■ What the exercise asks ■
Reproduce the lines below exactly, from the one containing "As families across" through the one containing "Disney's Minnie Mouse", both included. Leave out any pictures.

■ The records ■
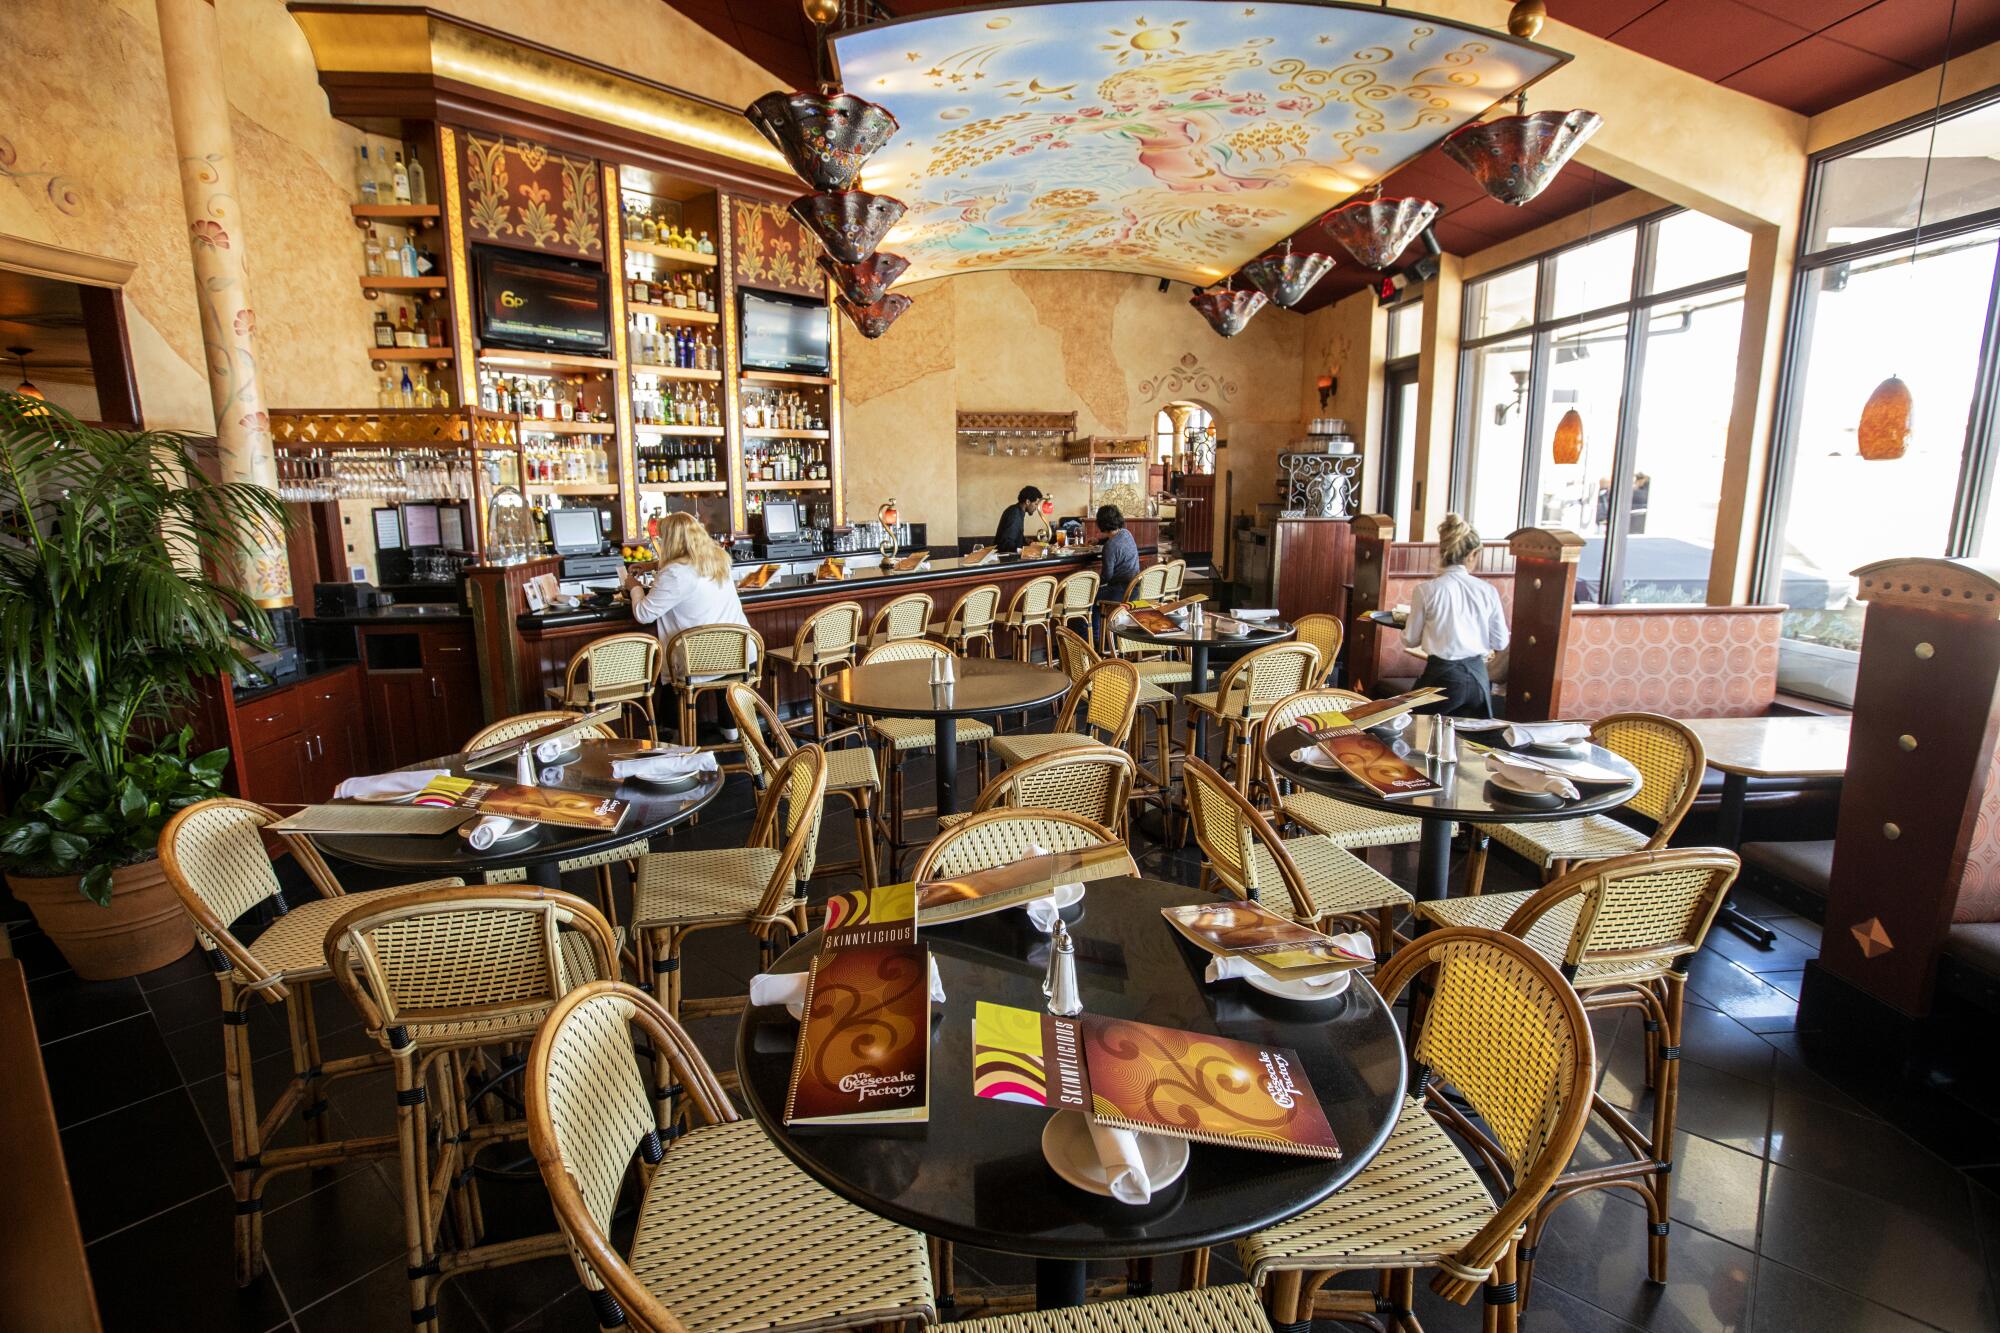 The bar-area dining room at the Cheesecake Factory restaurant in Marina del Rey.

==

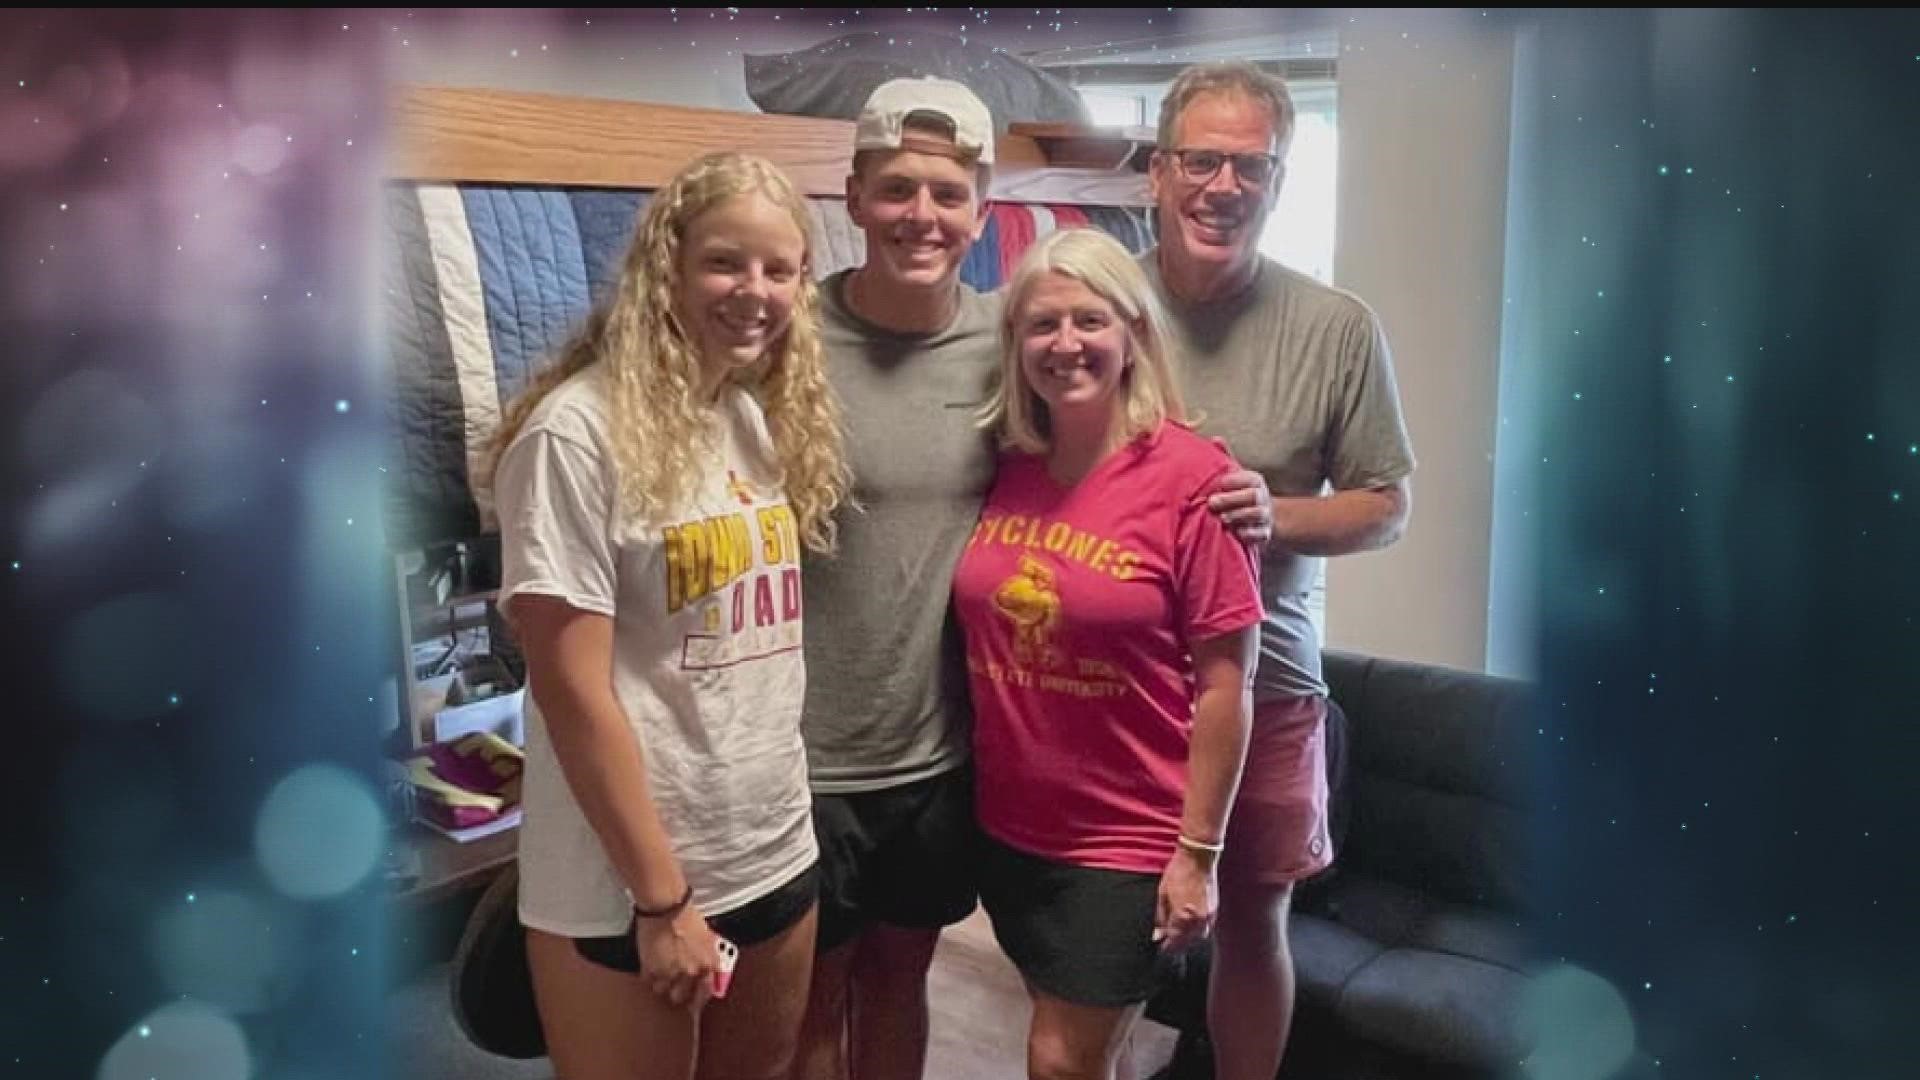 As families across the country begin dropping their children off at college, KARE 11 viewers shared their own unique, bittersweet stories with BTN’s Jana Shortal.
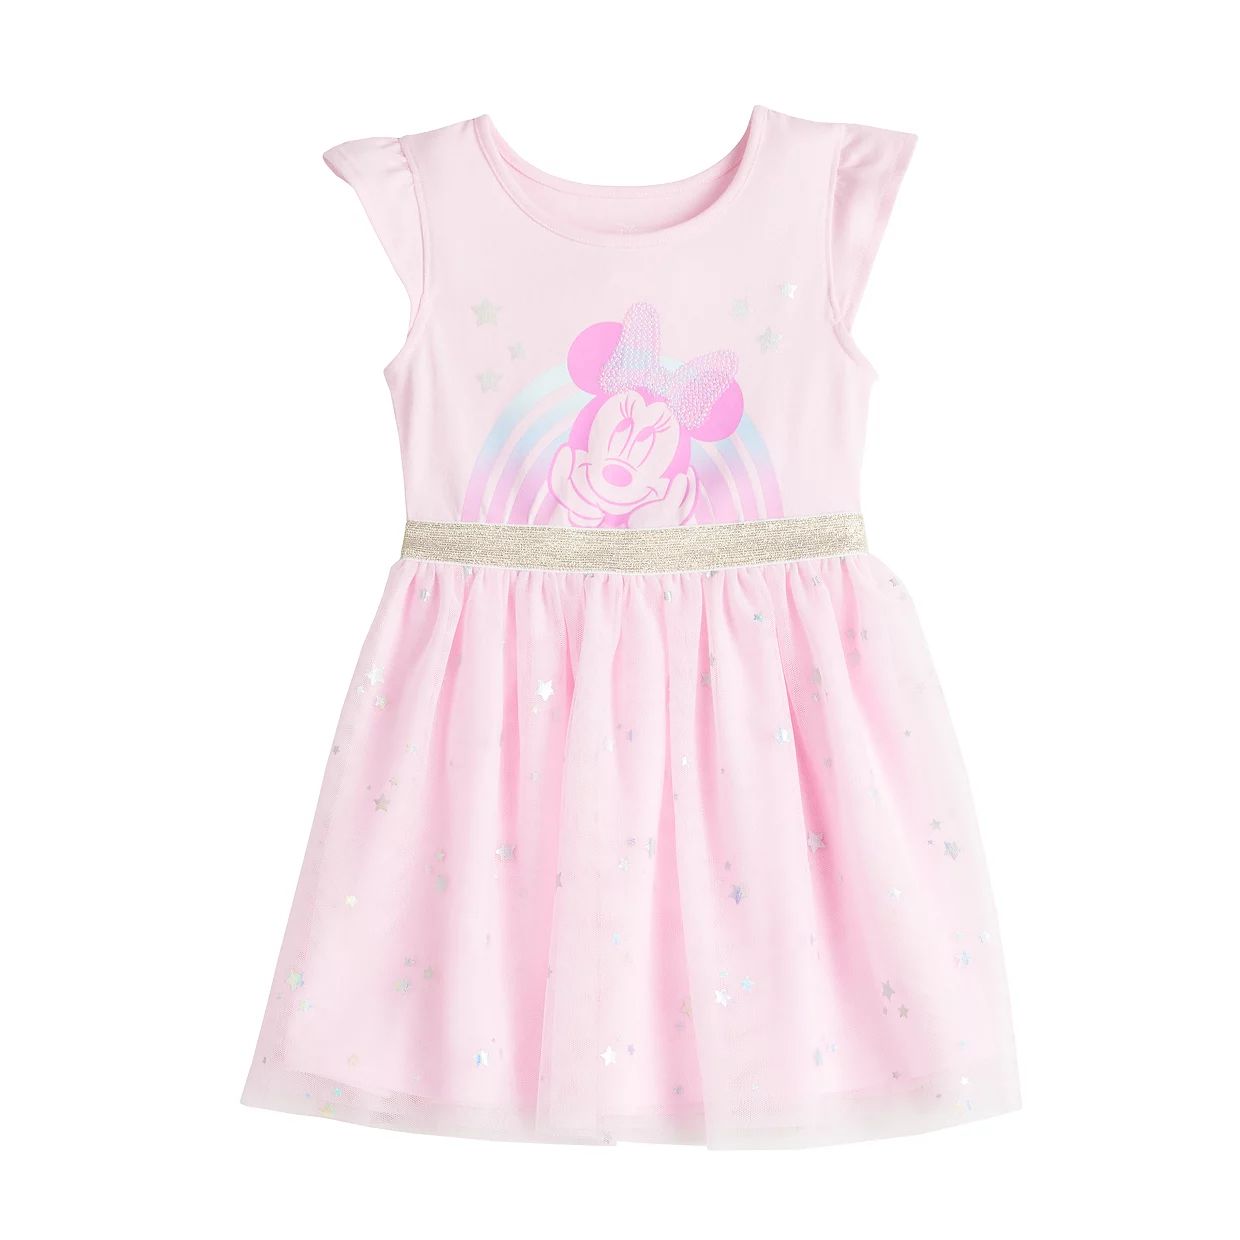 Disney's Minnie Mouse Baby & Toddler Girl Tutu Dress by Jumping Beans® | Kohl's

* * *

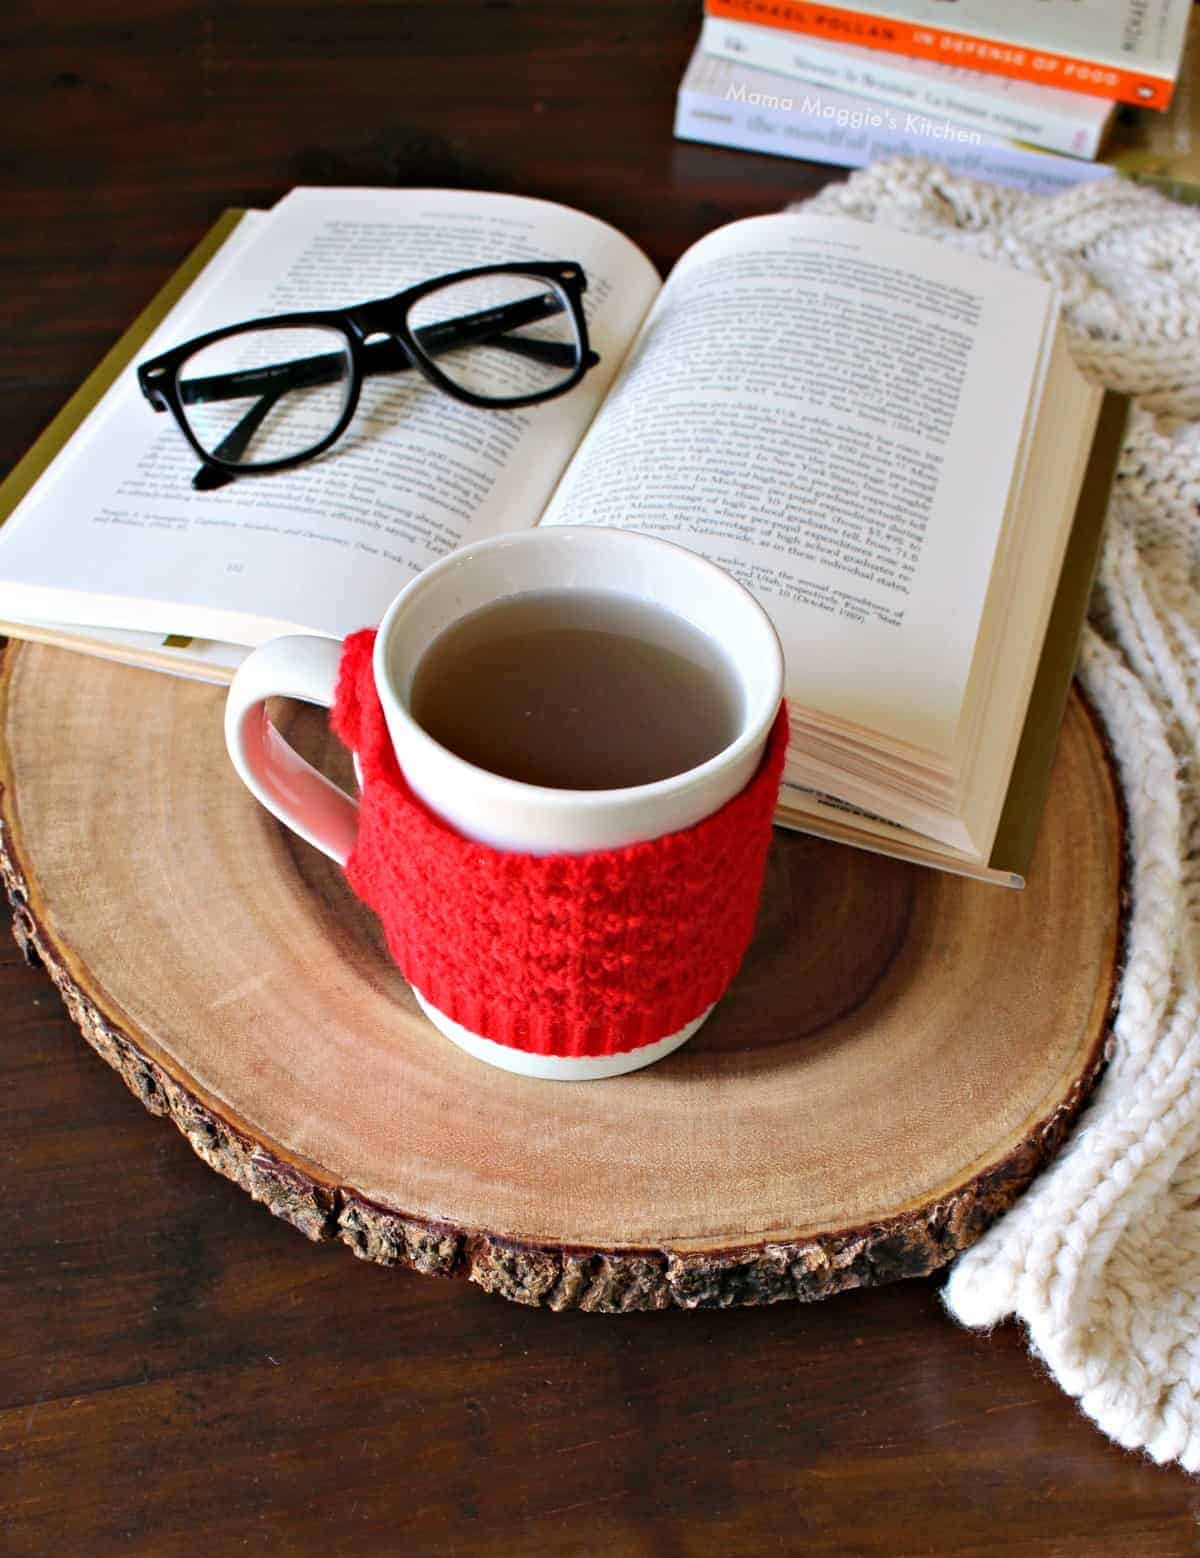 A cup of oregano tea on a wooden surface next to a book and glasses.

■ Finished exercise ■
 As families across the country begin dropping their children off at college, KARE 11 viewers shared their own unique, bittersweet stories with BTN’s Jana Shortal.
 Disney's Minnie Mouse Baby & Toddler Girl Tutu Dress by Jumping Beans® | Kohl's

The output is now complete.